* [TASK INSTRUCTIONS]:
Everything in the listing below must be reproduced exactly, apart from its images.

* [COLLECTED MATERIAL]:
=== Section Start ===
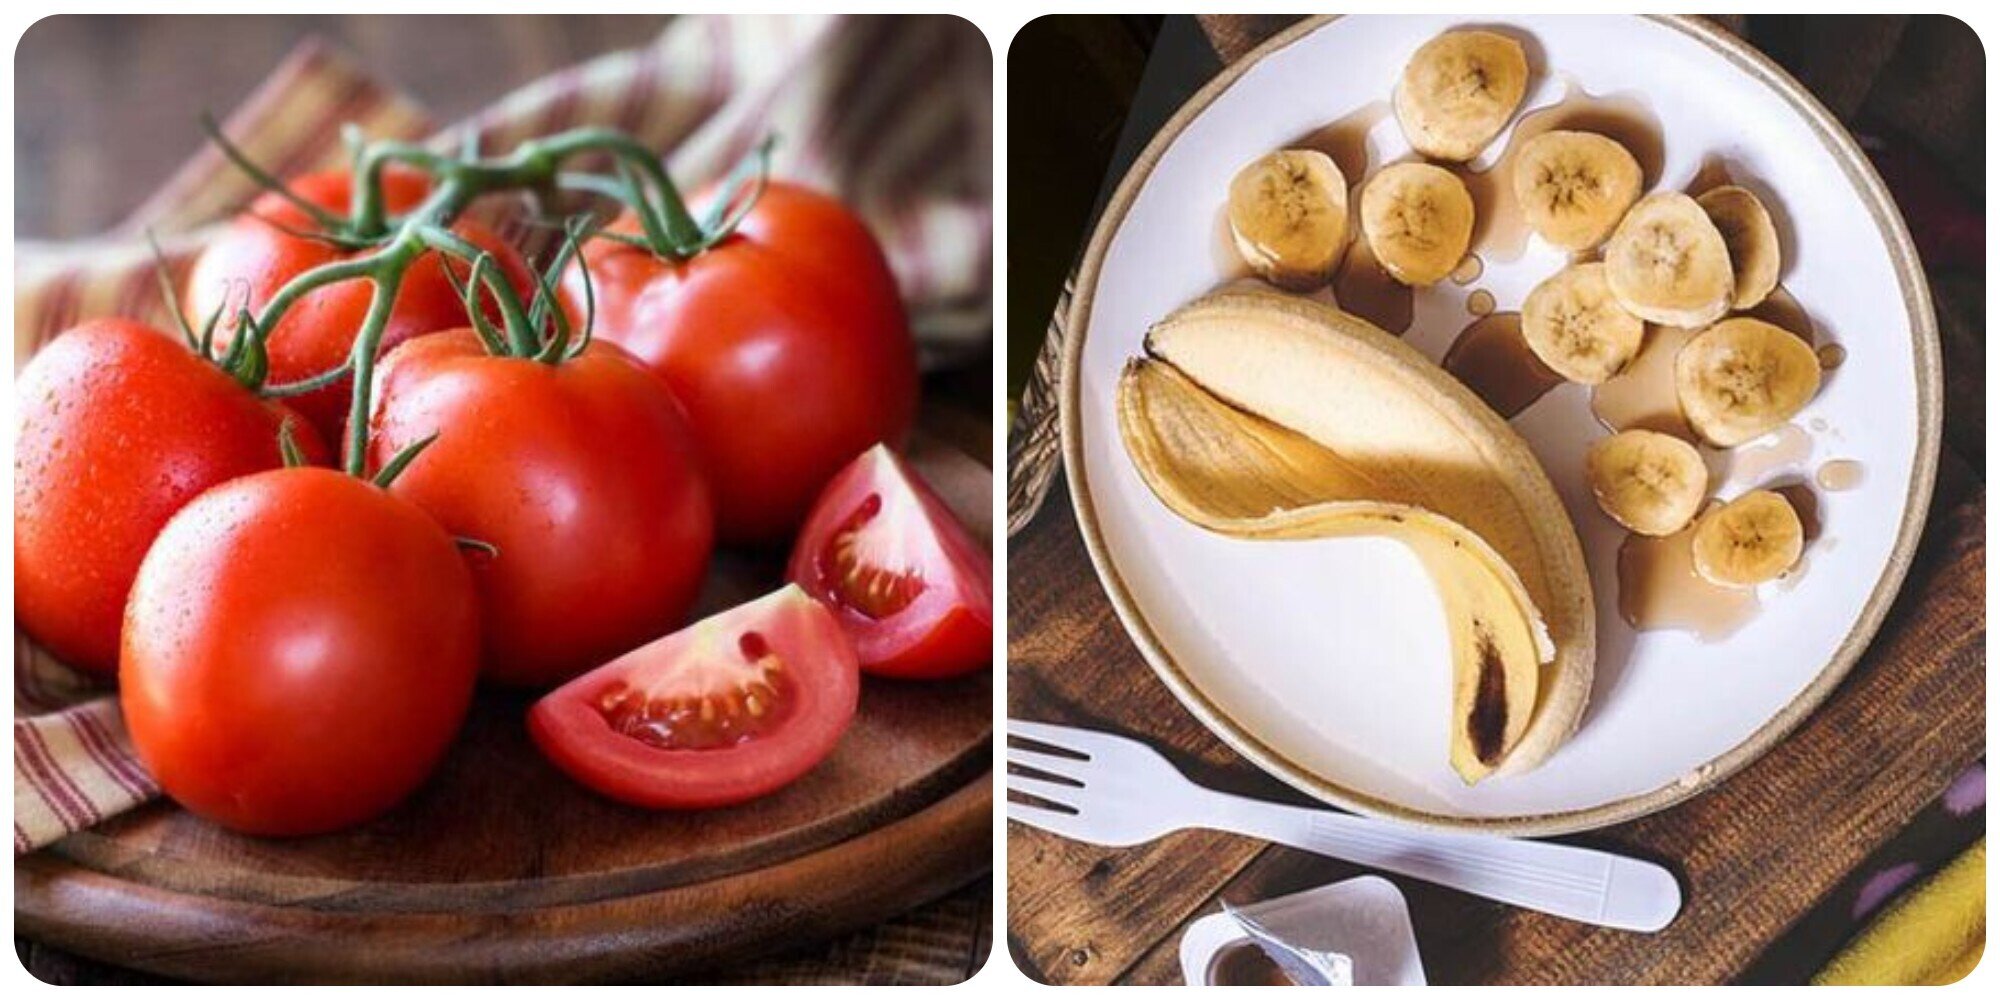 Cà chua và chuối là những thực phẩm không nên ăn khi đói bụng.
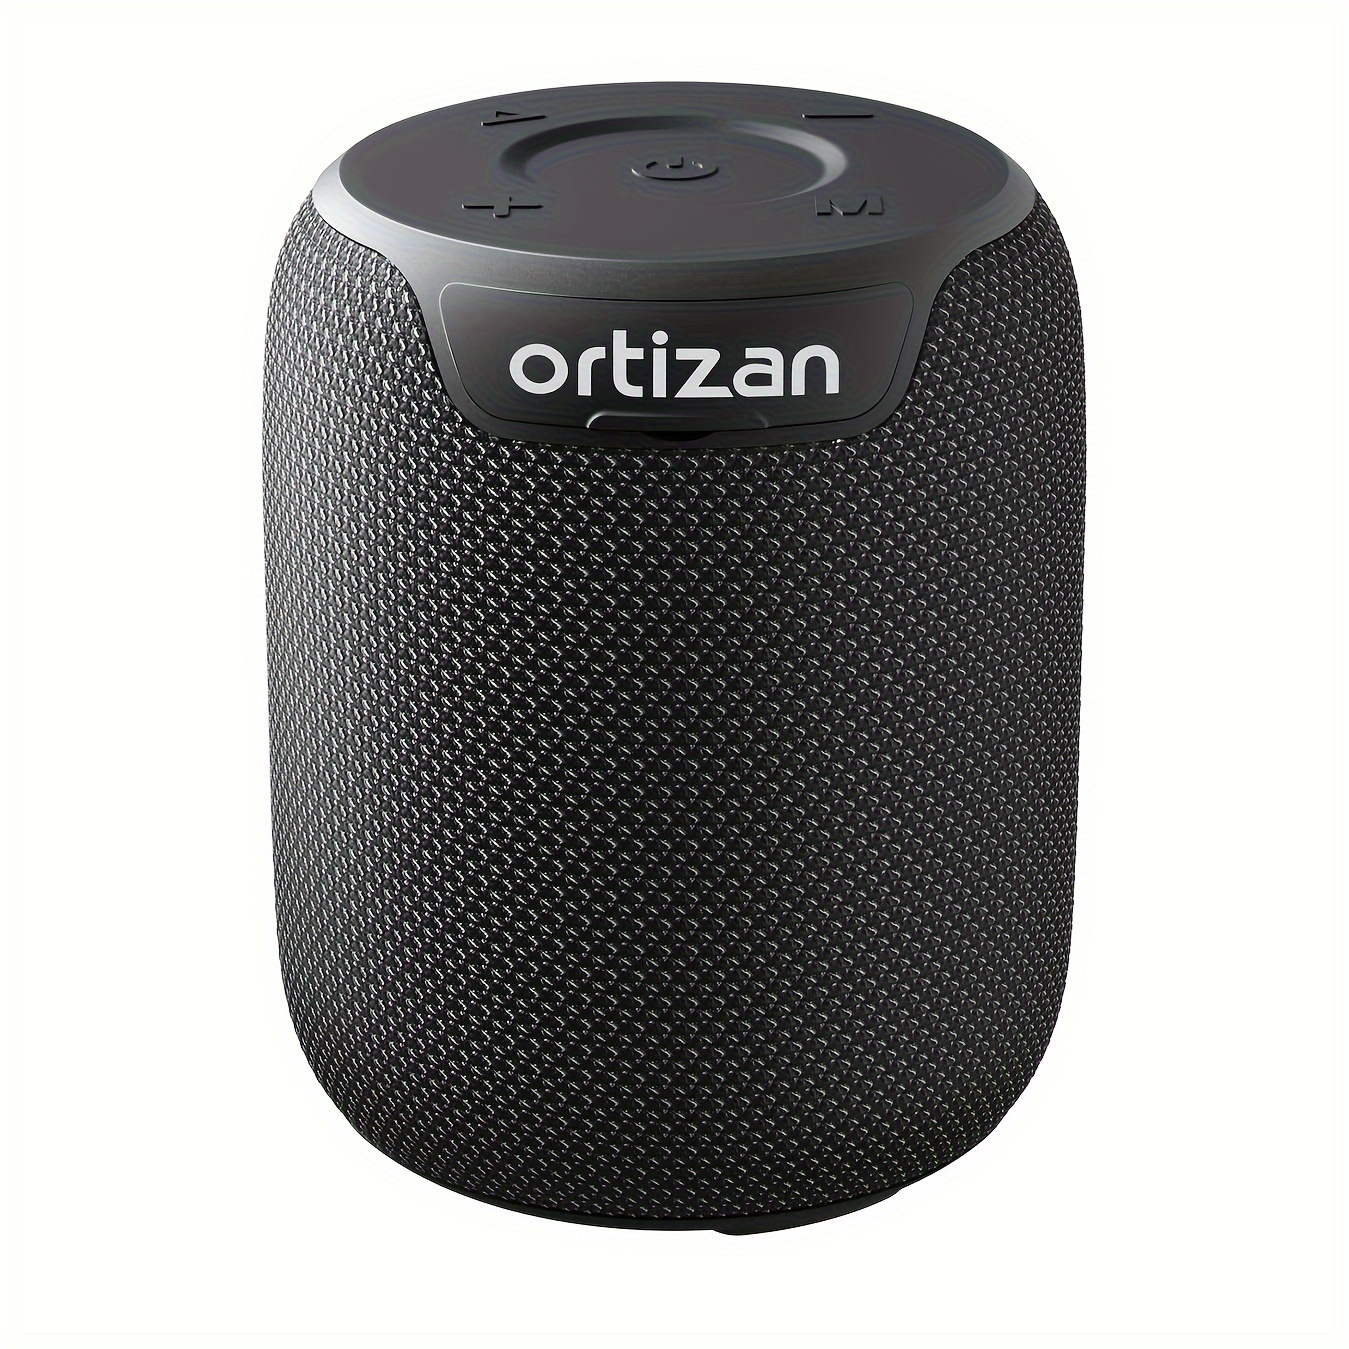 Ortizan Altavoz Bluetooth de 80 W, sonido potente y graves profundos, IPX7  impermeable, 12 horas de tiempo de reproducción, banco de energía
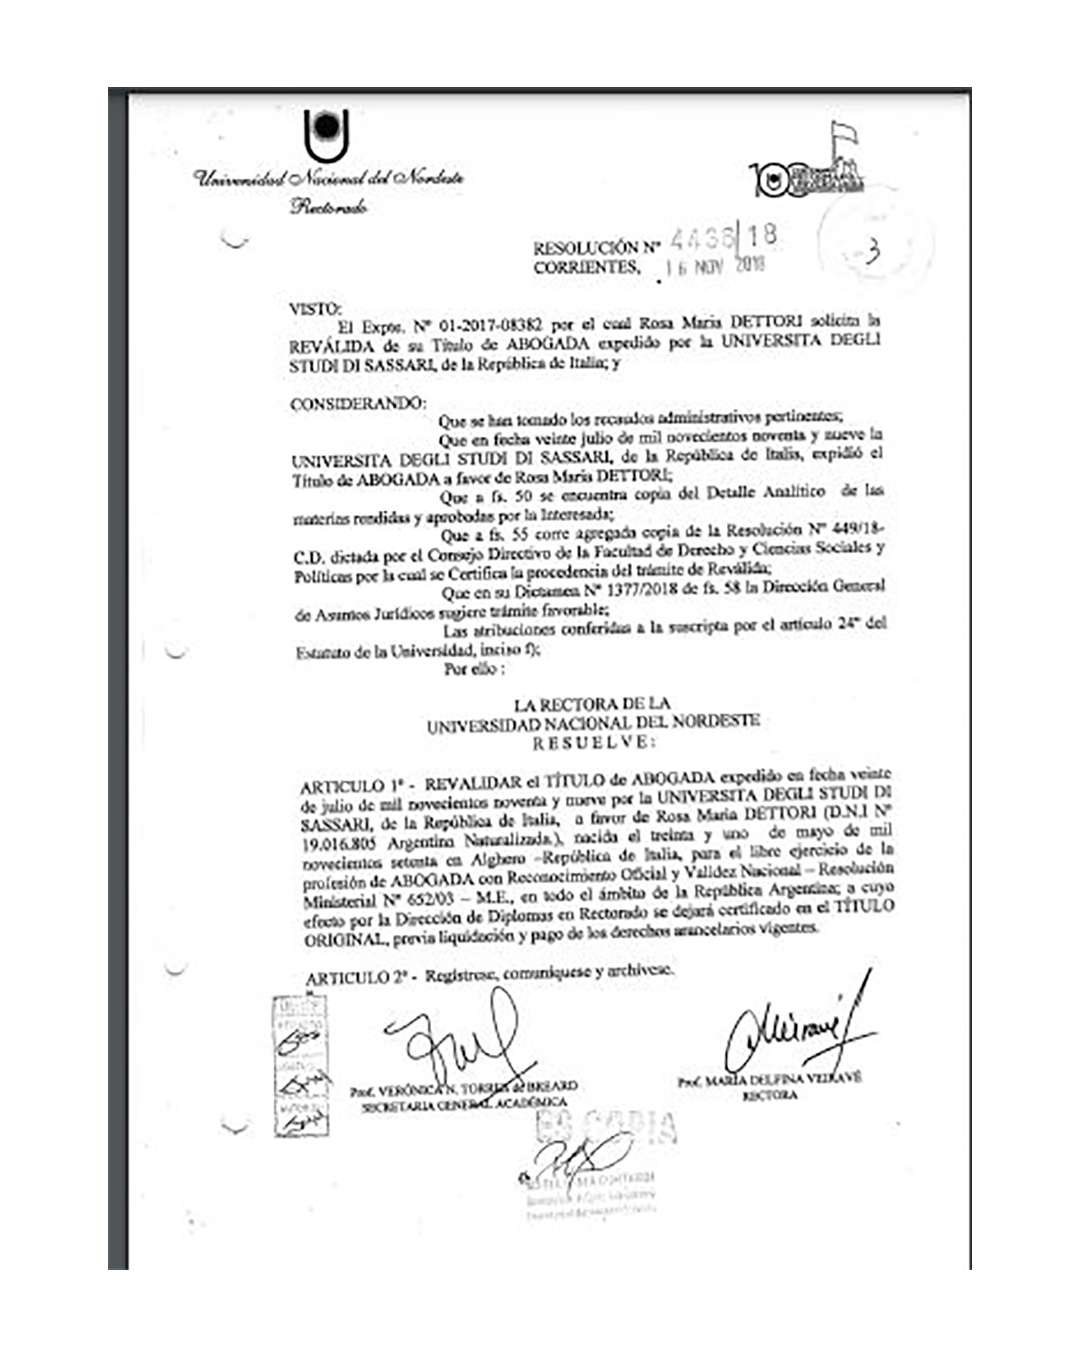 La resolución de la rectora de la Universidad Nacional del Nordeste por la cual se efectivizó la reválidad del título de Rosa Dettori
=== Section End ===
* [RESPONSE TO THIS EXERCISE]:
 Cà chua và chuối là những thực phẩm không nên ăn khi đói bụng.
 Ortizan Altavoz Bluetooth de 80 W, sonido potente y graves profundos, IPX7  impermeable, 12 horas de tiempo de reproducción, banco de energía
 La resolución de la rectora de la Universidad Nacional del Nordeste por la cual se efectivizó la reválidad del título de Rosa Dettori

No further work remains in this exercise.